From: Philippe Verdy (
Date: Wed Aug 06 2003 - 09:32:37 EDT

    On Wednesday, August 06, 2003 12:36 PM, Kent Karlsson <> wrote:

    > > The NFD decompositions of spacing marks is alredy defined as a SPACE
    > > plus a non-spacing combining character.
    > Philippe, please! Those are *compatibility* decompositions. The
    > normal form NFD only uses *canonical* decompositions. And there is no
    > such thing as "NFD decompositions".

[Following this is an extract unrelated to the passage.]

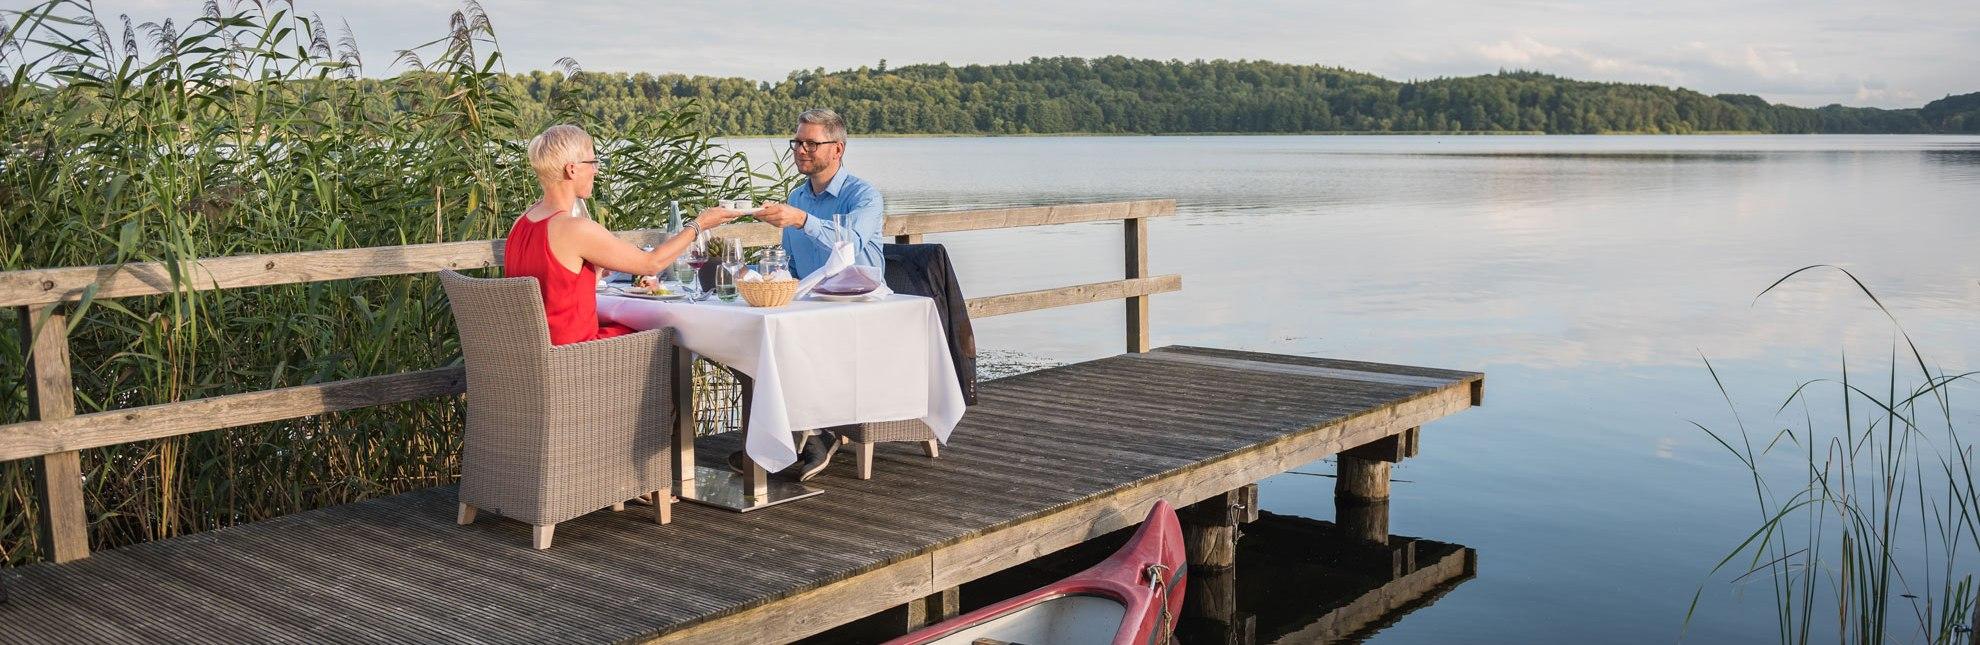 Dinner am See im Hotel und Restaurant Der Seehof in Ratzeburg, © markus Tiemann/HLMS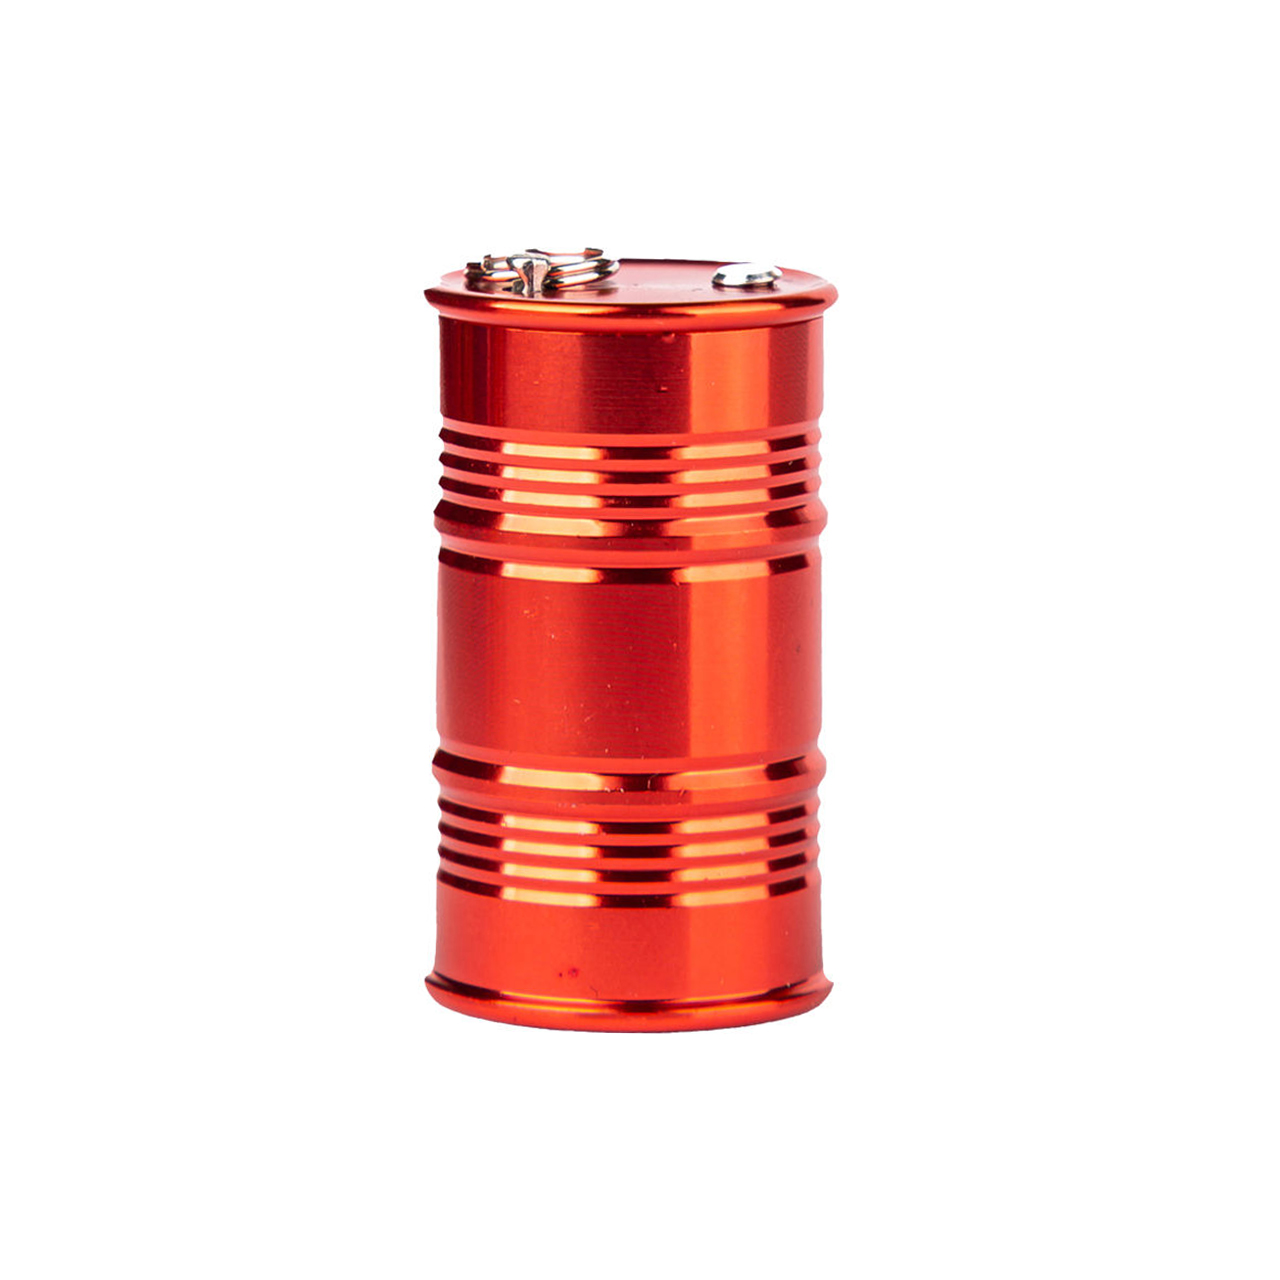 بررسی و خرید [با تخفیف]                                     فلش مموری طرح بشکه نفت مدل DME1015 ظرفیت 32 گیگابایت                             اورجینال

    Sorry for the confusion. Still even with a NFKD decomposition, it is clear that
    they already define combining sequences with the SPACE used as a base
    character. The real important thing is that the SPACE is already the base
    character already used as a combining mark holder, and Unicode processing
    should only be done without breaking in the middle of a combining sequence
    even in the case of a SPACE base character.

    It's true that not all (only most) combining non-spacing characters have a
    non-combining spacing counterpart. But when they exist, the decompositions
    proposed in the UCD are already an indication that the SPACE character
    should be preserved and not considered for break oppotunities if it is followed
    by a combining character. It is not extremely clear in the specification break
    properties where sequences of spaces are often unified, but there's already
    some rules that make it clear: a SPACE is a word separator only if not used
    in a combining sequence, and break opportunities are computed between
    grapheme clusters which cannot break a combining sequence.

    OK there's a problem with HTML, where sequences of whitespaces are
    normalized to a single whitespace, and this effectively creates a problem
    if a combining character is used after two spaces: the first one being a
    word separator or indenting space, the second being a base for the
    combining sequence. For now, most text can be created using spacing
    diacritics instead of combining sequences starting by SPACE, and this
    will work in HTML.

    For those diacritics which do not have a spacing counterpart already
    defined, there remains a problem which can only be solved using a
    separating format control between the first (separating)
    space and the second (base) space. I think this could be a ZWSP
    like this:


    (provided that the whitespace normalization algorithm will not
    include <ZWSP> in the whitespaces sequence and treat it
    isolately, something that a conforming HTML or XML processor
    should not do, as it should unify only sequences of <SPACE>,
    <TAB>, <CR>, <LF>, and only according to the context of the
    containing element whitespace properties controlling the
    normalization of XML whitespace sequences (leading, trailing,
    line break preservation, tabulator)...

    I did no verify completely in XSLT but this should be true too
    there for this kind of processing (hoping that ZWSP will not
    be considered in whitespace sequences)